Support statistics tensor for low-latency kernels (#196)

2025-06-26 18:28:11 +00:00 · 2025-06-09 15:50:56 +08:00
parent 0d1a855d81
commit 5a2e37fa28
6 changed files with 27 additions and 3 deletions
--- a/deep_ep/buffer.py
+++ b/deep_ep/buffer.py
@@ -473,6 +473,7 @@ class Buffer:
    # noinspection PyTypeChecker
    def low_latency_dispatch(self, x: torch.Tensor, topk_idx: torch.Tensor,
                             num_max_dispatch_tokens_per_rank: int, num_experts: int,
+                             cumulative_local_expert_recv_stats: Optional[torch.Tensor] = None,
                             use_fp8: bool = True, async_finish: bool = False, return_recv_hook: bool = False) -> \
            Tuple[Tuple[torch.Tensor, torch.Tensor], torch.Tensor, Tuple, EventOverlap, Callable]:
        """
@@ -481,7 +482,7 @@ class Buffer:
            (specifically, IBGDA must be enabled).
        Even for ranks in the same node, NVLink are fully disabled for simplicity.
        Warning: as there are only two buffers, and the returned tensors reuse the buffer, you can not hold more than 2
-            low-latency kernels' result tensor at a single moment.
+            low-latency kernels' result tensors at a single moment.

        Arguments:
            x: `torch.Tensor` with `torch.bfloat16`, shaped as `[num_tokens, hidden]`, only several hidden shapes are
@@ -490,6 +491,9 @@ class Buffer:
                are supported. `-1` indices (not selecting any expert) are supported.
            num_max_dispatch_tokens_per_rank: the maximum number of tokens to dispatch, all the ranks must hold the same value.
            num_experts: the number of all experts.
+            cumulative_local_expert_recv_stats: a cumulative expert count tensor for statistics, which should have shape
+                `[num_local_experts]` and be typed as `torch.int`. This is useful for online service EP load balance
+                monitoring.
            use_fp8: whether to enable FP8 casting, with this, the received data will be a tuple of FP8 tensor and scaling factors.
            async_finish: the current stream will not wait for the communication kernels to be finished if set.
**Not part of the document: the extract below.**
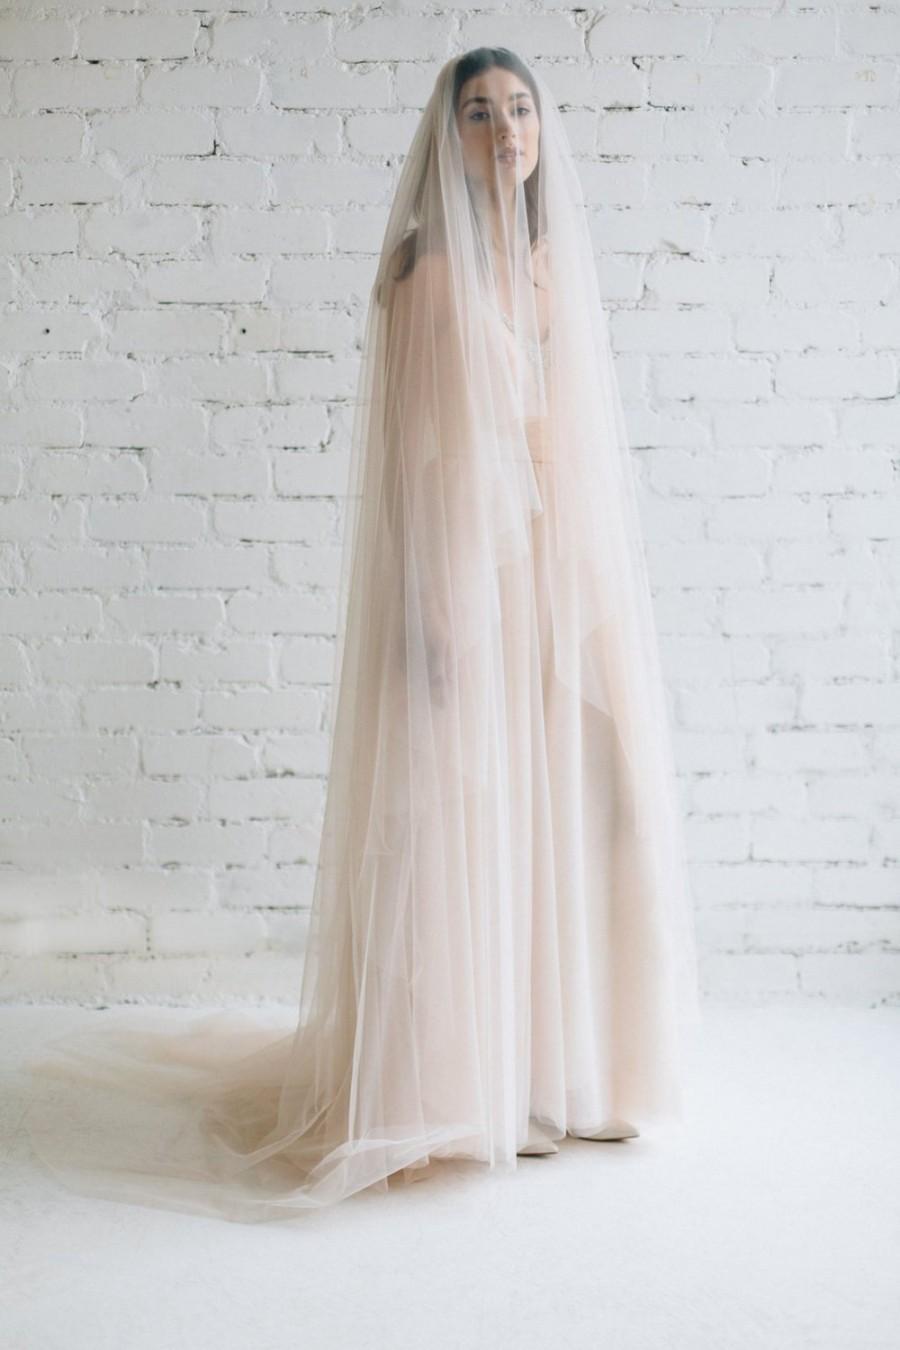 Свадьба - Blush Wedding Veil, Cathedral Veil , Wide Tulle Veil, Veil with Blusher ,Circle Drop Veil, Blusher Veil, Long Tulle Veil -  JULIA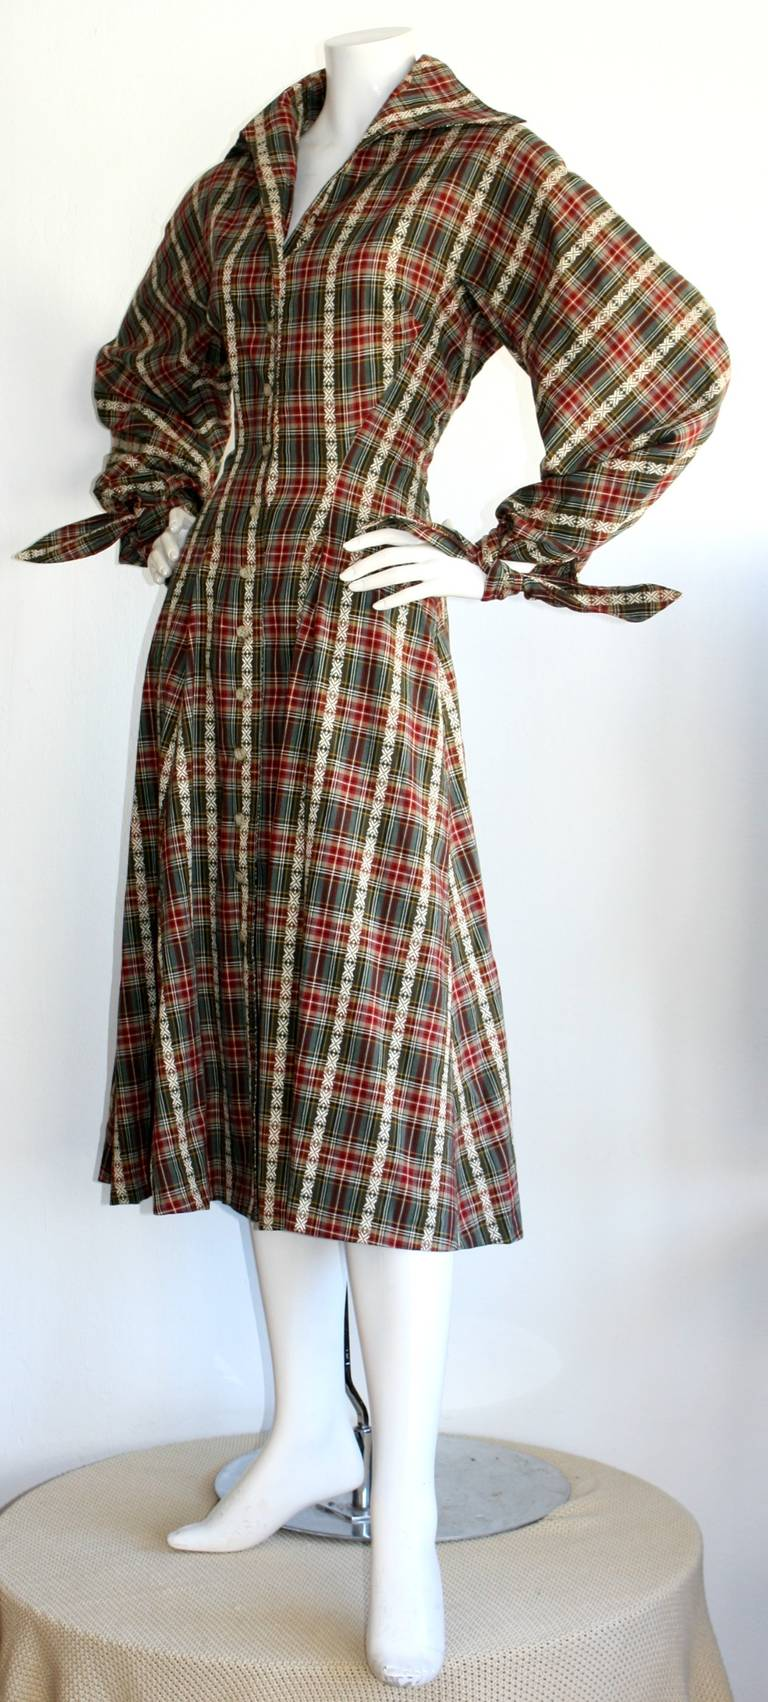 Vintage Byron Lars Tartan Plaid Tie Bow Shirt Dress 3

            return_recv_hook: return a receiving hook if set. If set, the kernel will just do the RDMA request issues,
@@ -508,19 +512,21 @@ class Buffer:
                Moreover, not all tokens are valid, only some of the `num_max_dispatch_tokens_per_rank * num_ranks` are,
                as we do not synchronize CPU received count with GPU (also not incompatible with CUDA graph if synced).
            recv_count: a tensor shaped `[num_local_experts]` with type `torch.int`, indicating how many tokens each
-                expert receive. As mentioned before, not all tokens are valid in `recv_x`.
+                expert receives. As mentioned before, not all tokens are valid in `recv_x`.
            handle: the communication handle to be used in the `low_latency_combine` function.
            event: the event after executing the kernel (valid only if `async_finish` is set).
            hook: the receiving hook function (valid only if `return_recv_hook` is set).
        """
        packed_recv_x, packed_recv_x_scales, packed_recv_count, packed_recv_src_info, packed_recv_layout_range, event, hook = \
            self.runtime.low_latency_dispatch(x, topk_idx,
+                                              cumulative_local_expert_recv_stats,
                                              num_max_dispatch_tokens_per_rank, num_experts,
                                              use_fp8, async_finish, return_recv_hook)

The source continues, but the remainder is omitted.